══ Data under study ══

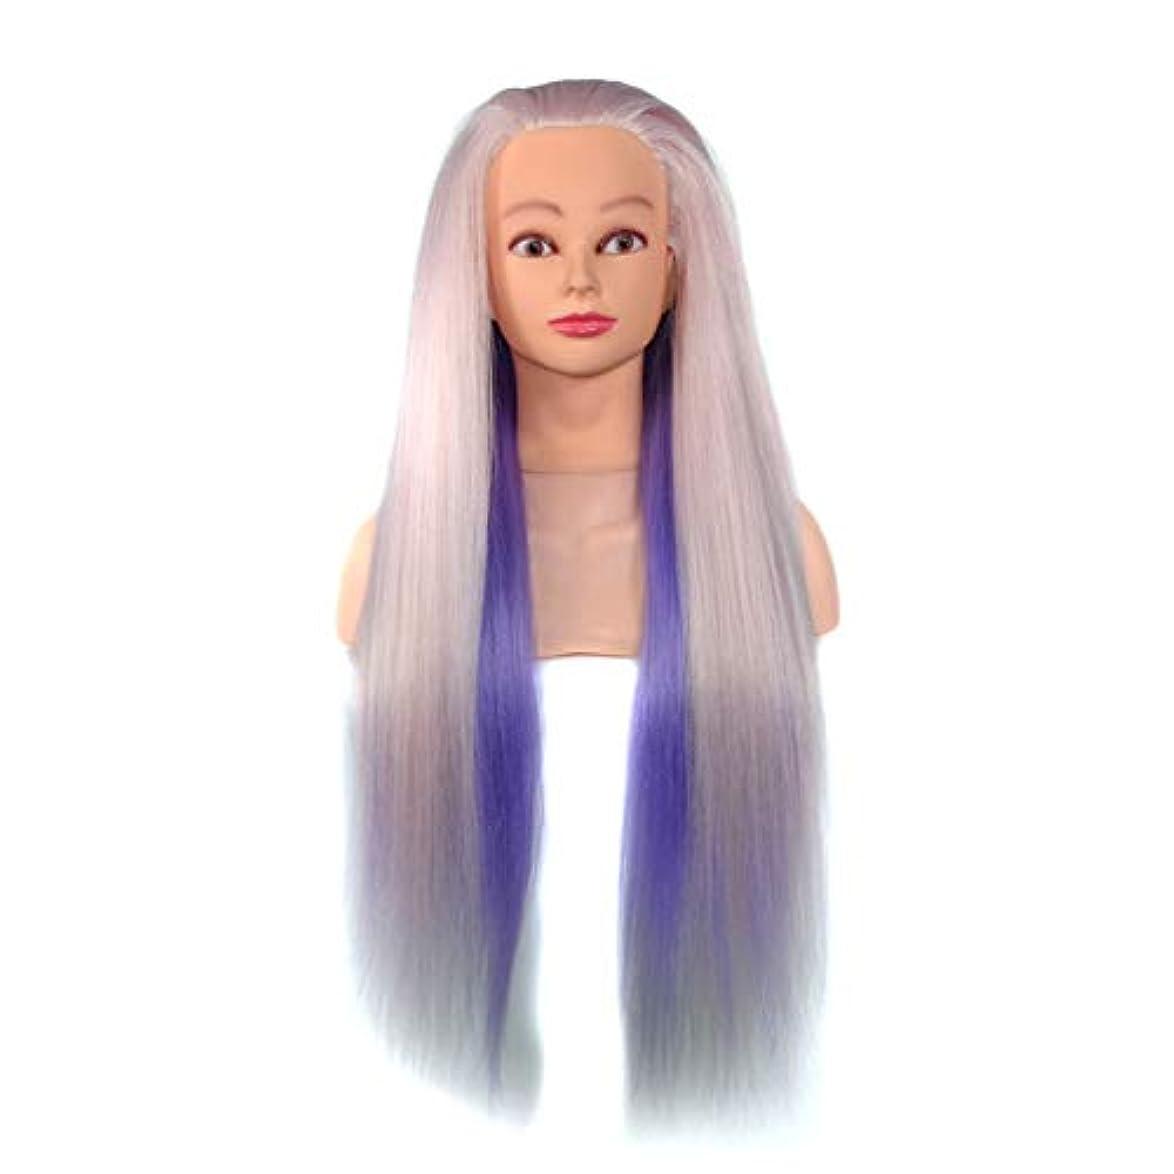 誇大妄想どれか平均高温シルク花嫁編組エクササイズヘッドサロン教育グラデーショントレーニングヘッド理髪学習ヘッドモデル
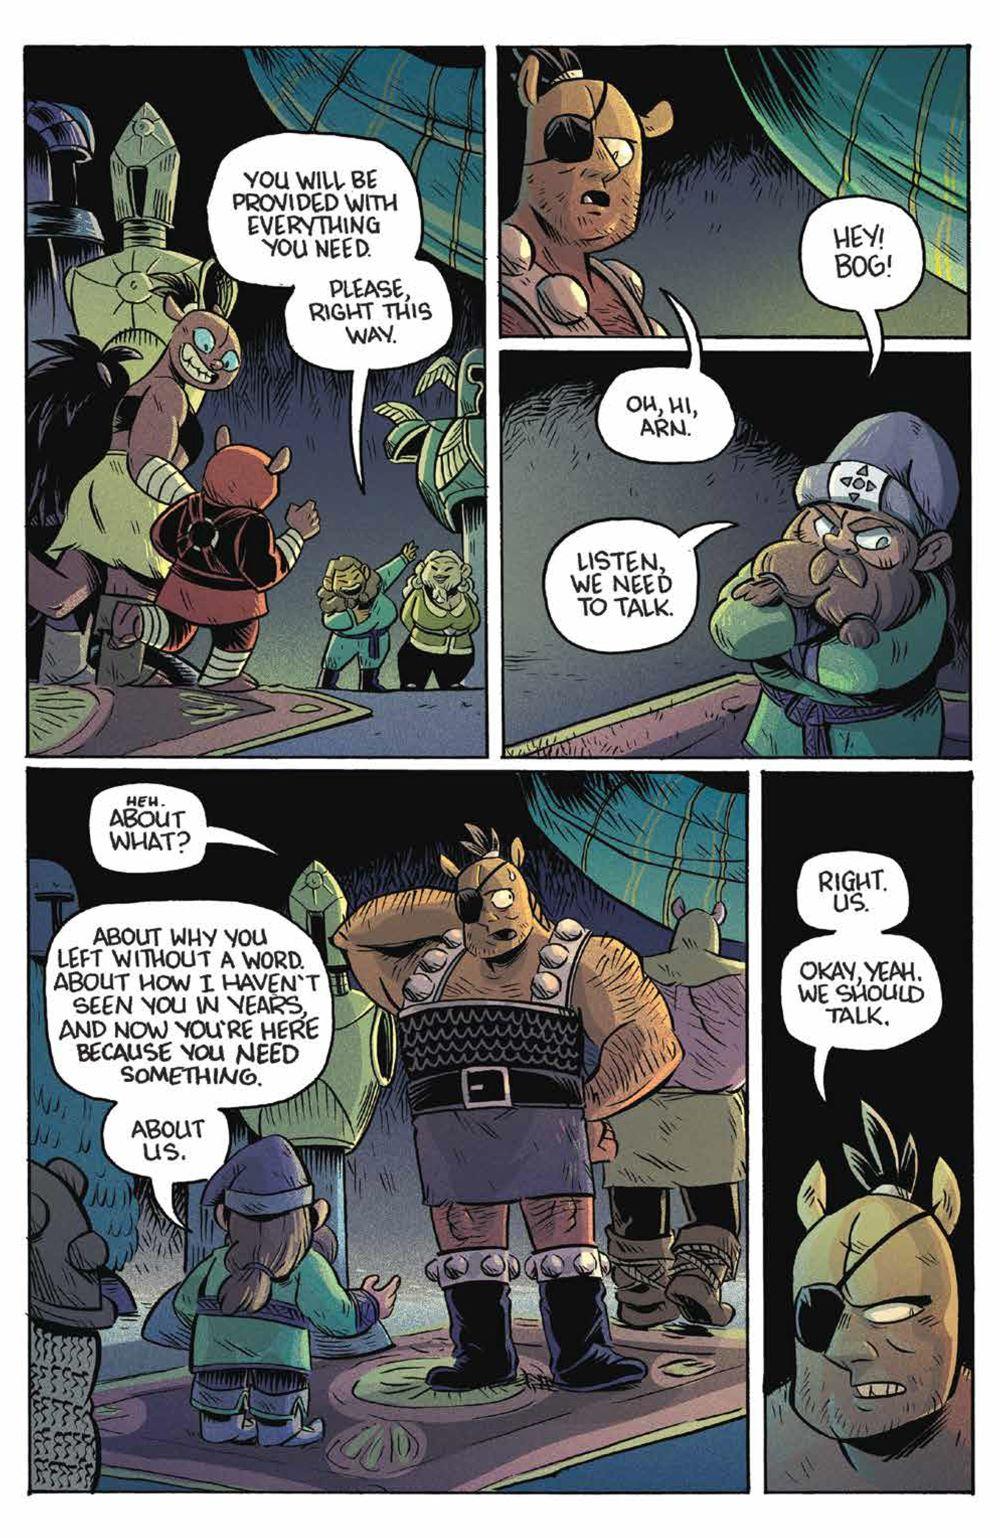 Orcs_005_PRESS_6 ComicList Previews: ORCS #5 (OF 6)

═══
══ Data under study ══

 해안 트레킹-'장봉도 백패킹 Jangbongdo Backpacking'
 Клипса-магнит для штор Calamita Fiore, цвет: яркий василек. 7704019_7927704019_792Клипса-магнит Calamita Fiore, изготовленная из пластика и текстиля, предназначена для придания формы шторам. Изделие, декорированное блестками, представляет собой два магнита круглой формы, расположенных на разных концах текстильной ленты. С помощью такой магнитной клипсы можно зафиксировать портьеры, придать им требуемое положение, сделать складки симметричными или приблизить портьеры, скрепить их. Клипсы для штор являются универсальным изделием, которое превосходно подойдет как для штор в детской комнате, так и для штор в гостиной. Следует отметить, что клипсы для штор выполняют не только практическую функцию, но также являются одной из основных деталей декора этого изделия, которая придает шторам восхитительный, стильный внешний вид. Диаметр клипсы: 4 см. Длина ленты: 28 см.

═══

● **Prompt**
Here the job is to copy the stretch of records from the line containing "誇大妄想どれか平均高温シルク" through the line containing "Orcs_005_PRESS_6 ComicList Previews: ORCS", word for word. Leave every picture out.

● **Problem solution**
 誇大妄想どれか平均高温シルク花嫁編組エクササイズヘッドサロン教育グラデーショントレーニングヘッド理髪学習ヘッドモデル
 Orcs_005_PRESS_6 ComicList Previews: ORCS #5 (OF 6)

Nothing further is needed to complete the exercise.